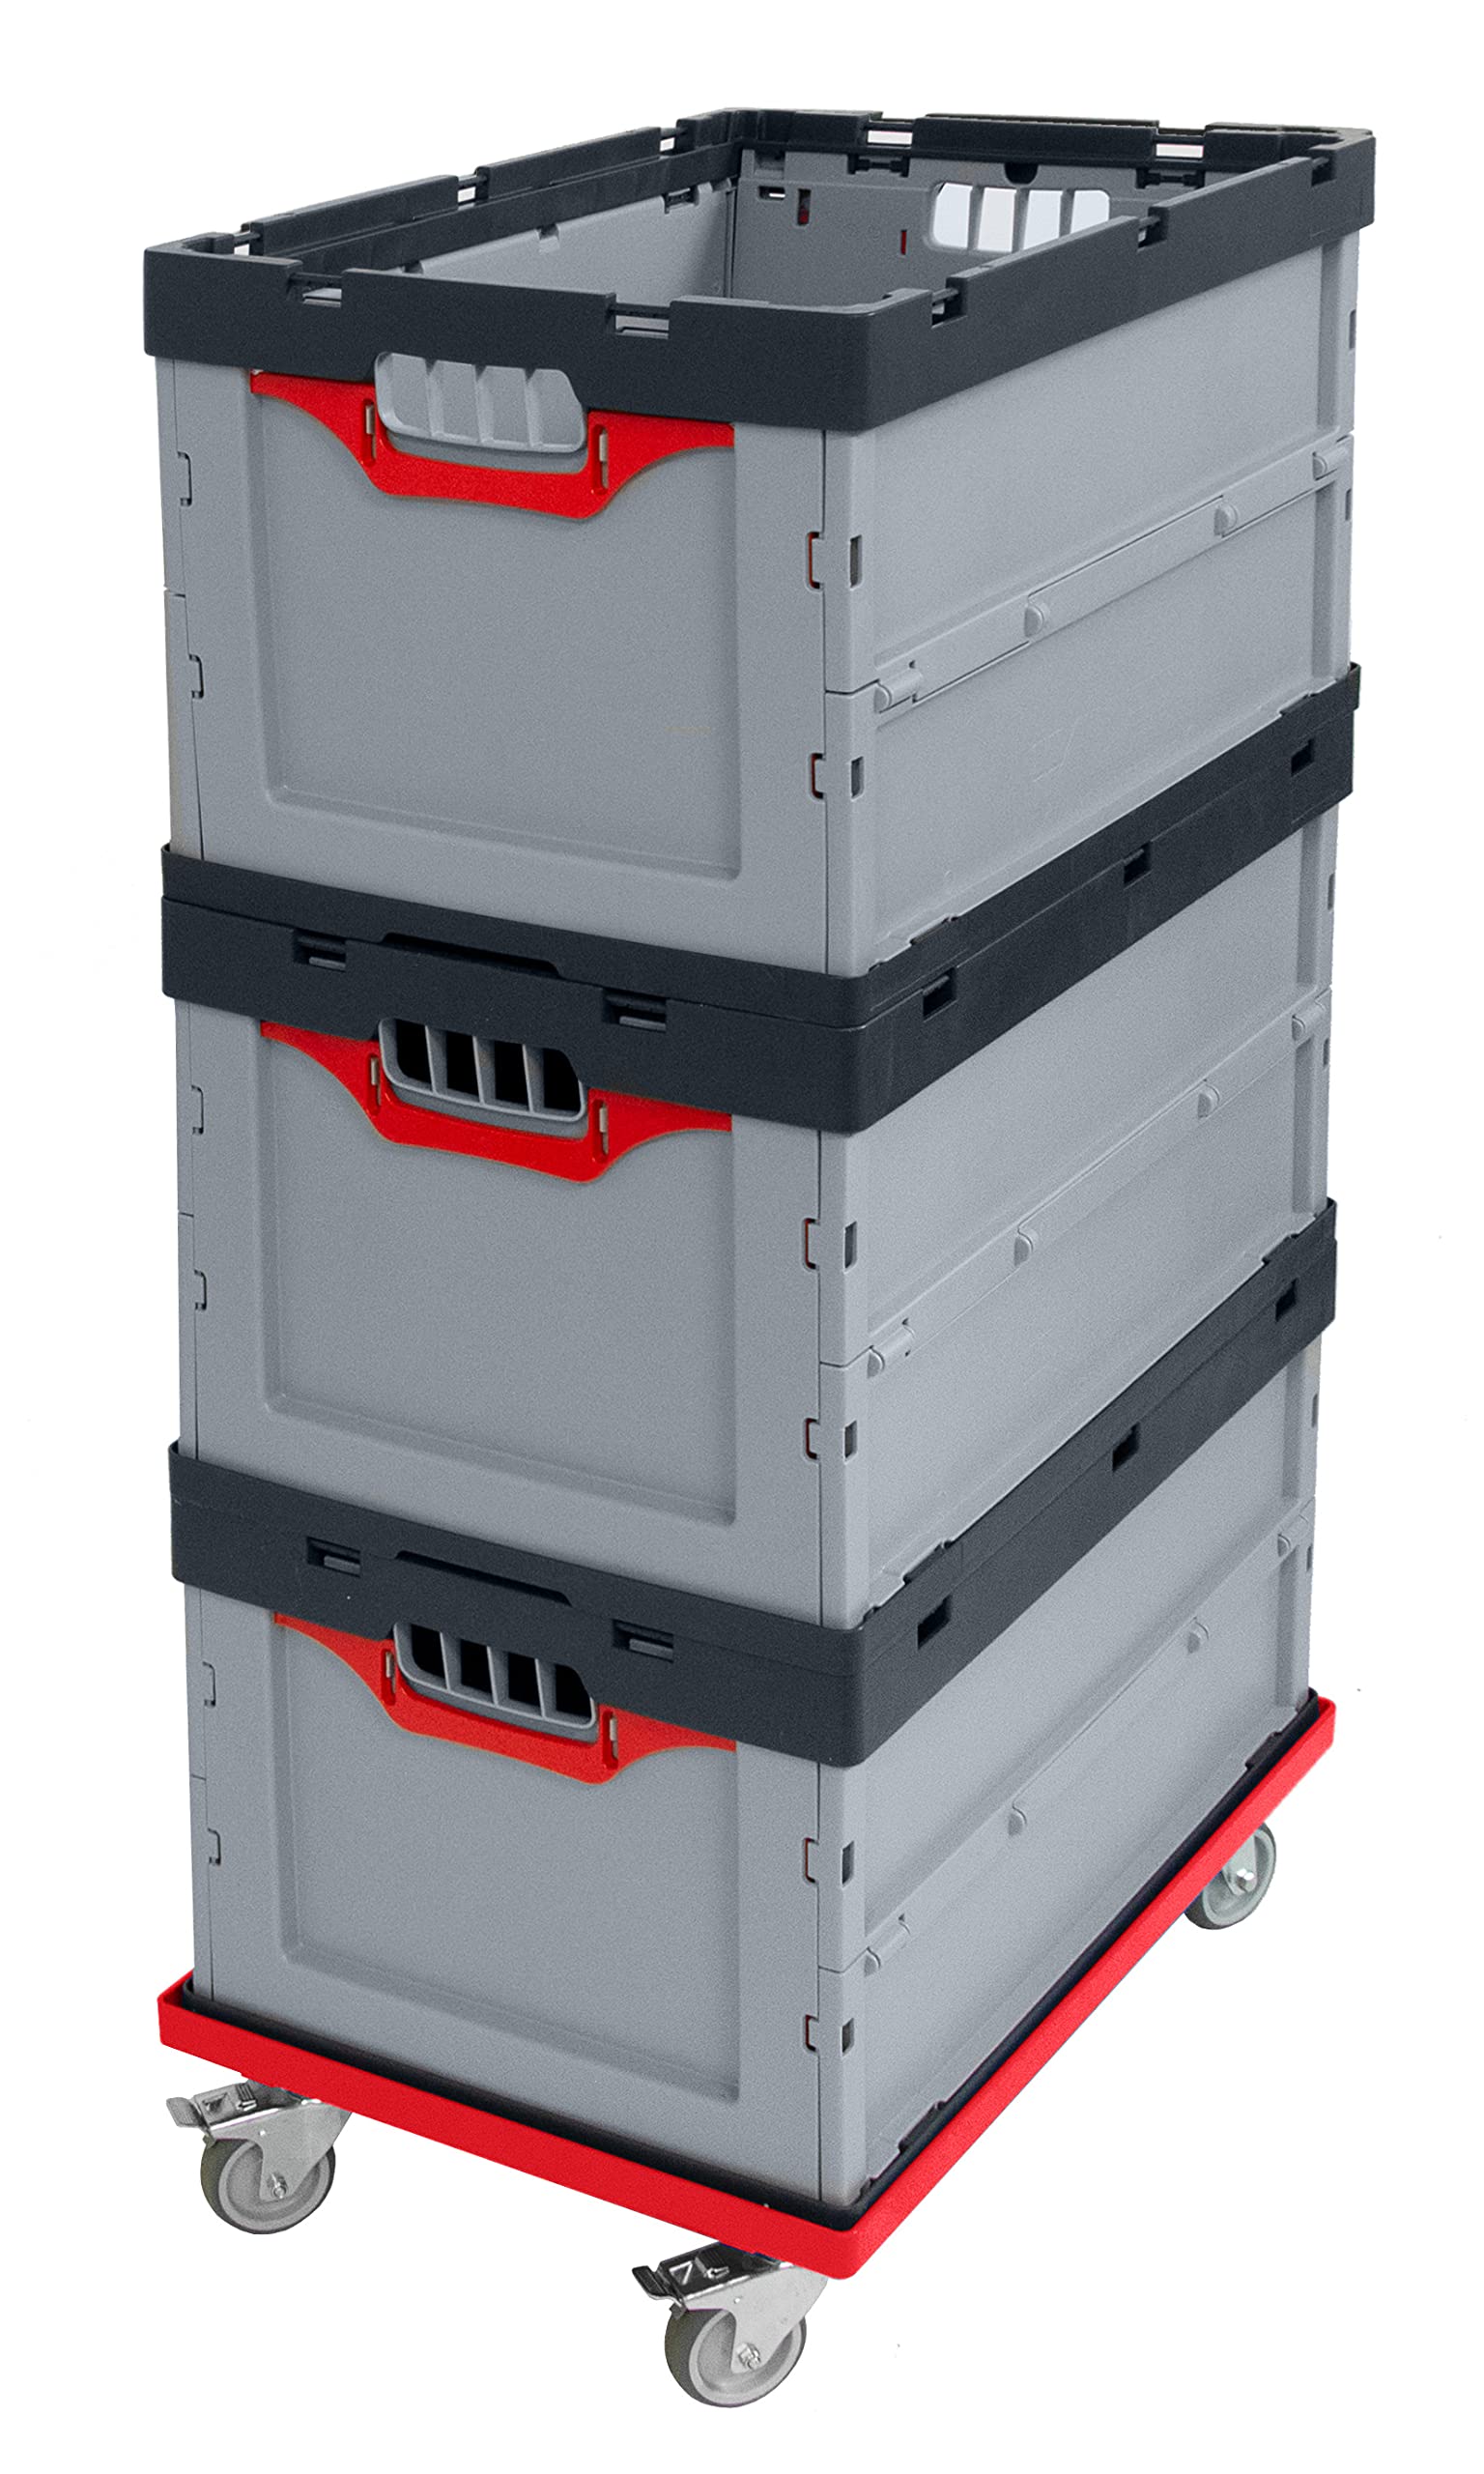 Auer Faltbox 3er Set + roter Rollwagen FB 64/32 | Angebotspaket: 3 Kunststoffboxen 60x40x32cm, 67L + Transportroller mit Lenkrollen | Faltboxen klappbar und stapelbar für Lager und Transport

****

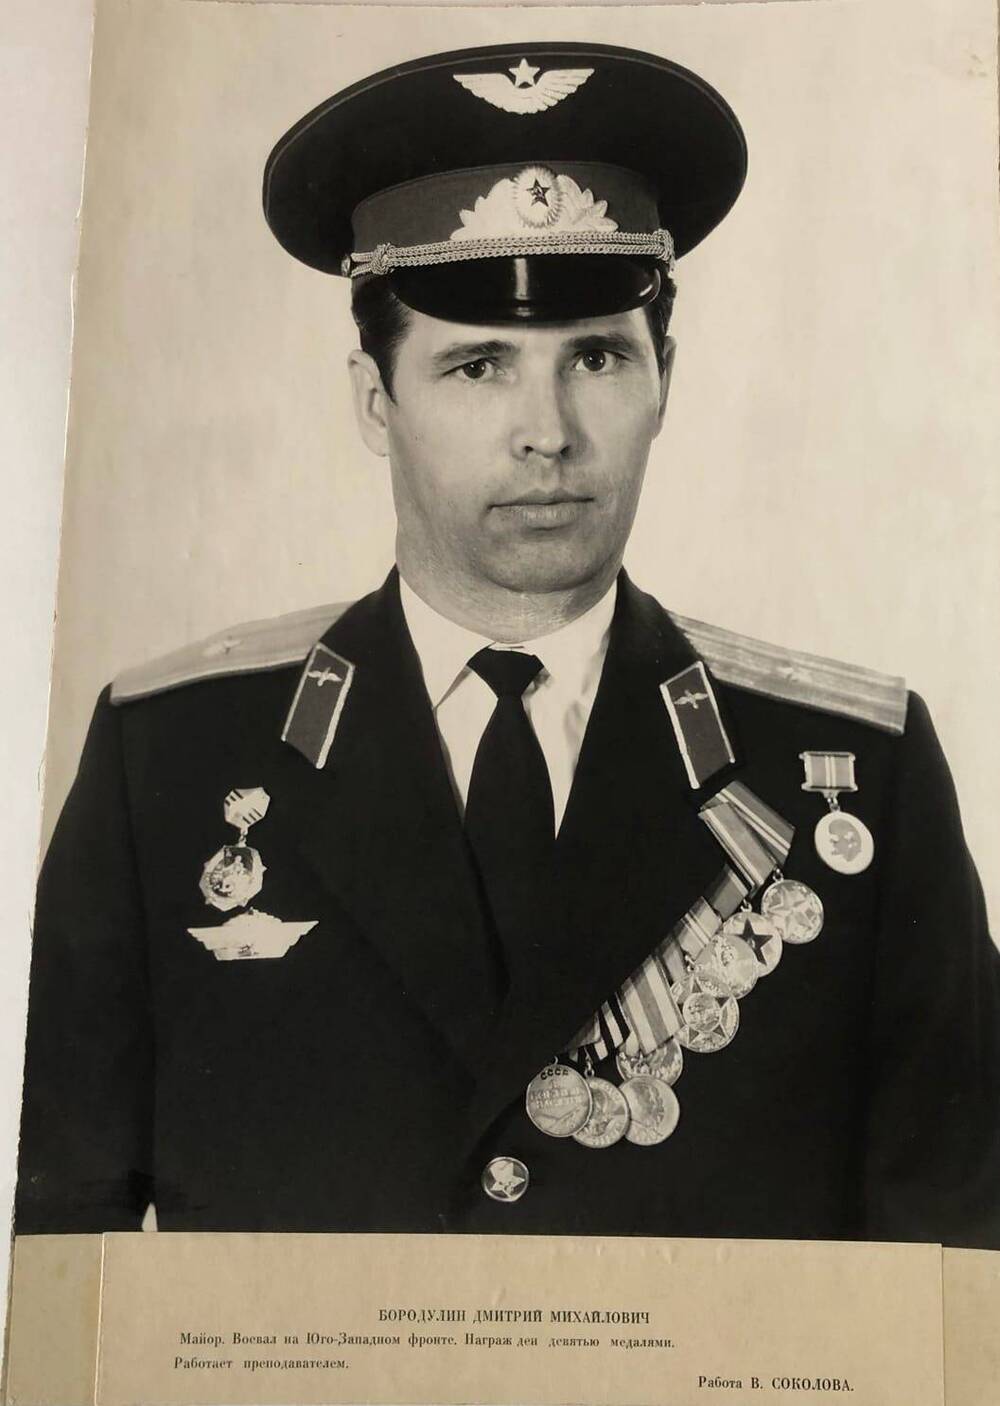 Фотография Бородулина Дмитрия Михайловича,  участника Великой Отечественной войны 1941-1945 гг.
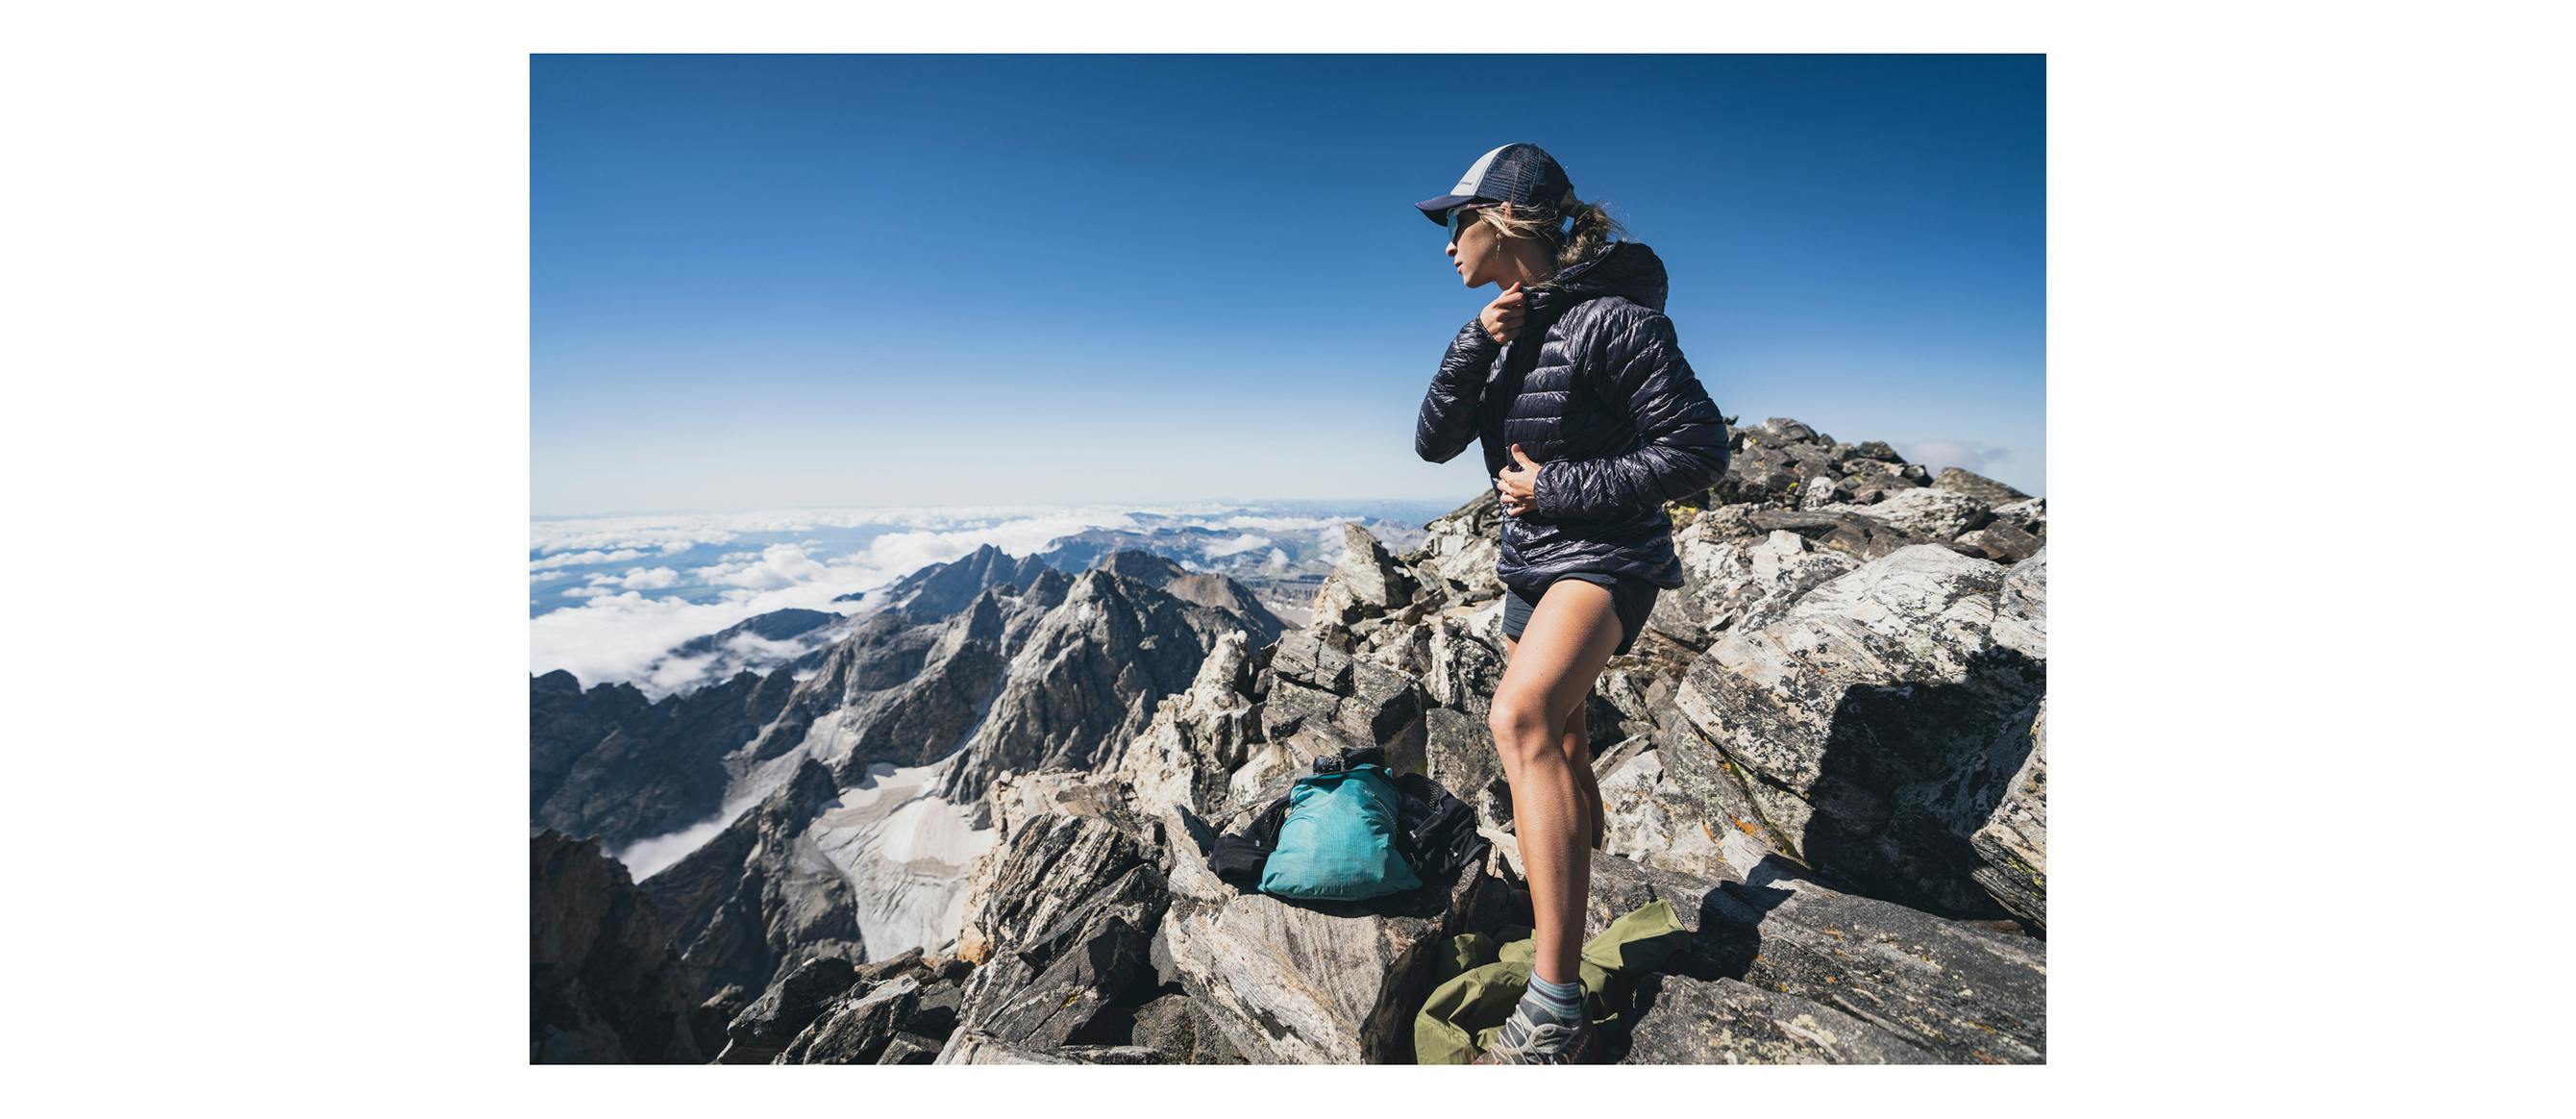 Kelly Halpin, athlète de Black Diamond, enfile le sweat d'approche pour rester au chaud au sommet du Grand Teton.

****

- Task to complete -
Output exactly the stretch of the listing that begins at the line containing "Фотография Бородулина Дмитрия" and ends at the line containing "Kelly Halpin, athlète", both kept. Omit pictures and everything else.

- Solved exercise -
 Фотография Бородулина Дмитрия Михайловича,  участника Великой Отечественной войны 1941-1945 гг.
 Kelly Halpin, athlète de Black Diamond, enfile le sweat d'approche pour rester au chaud au sommet du Grand Teton.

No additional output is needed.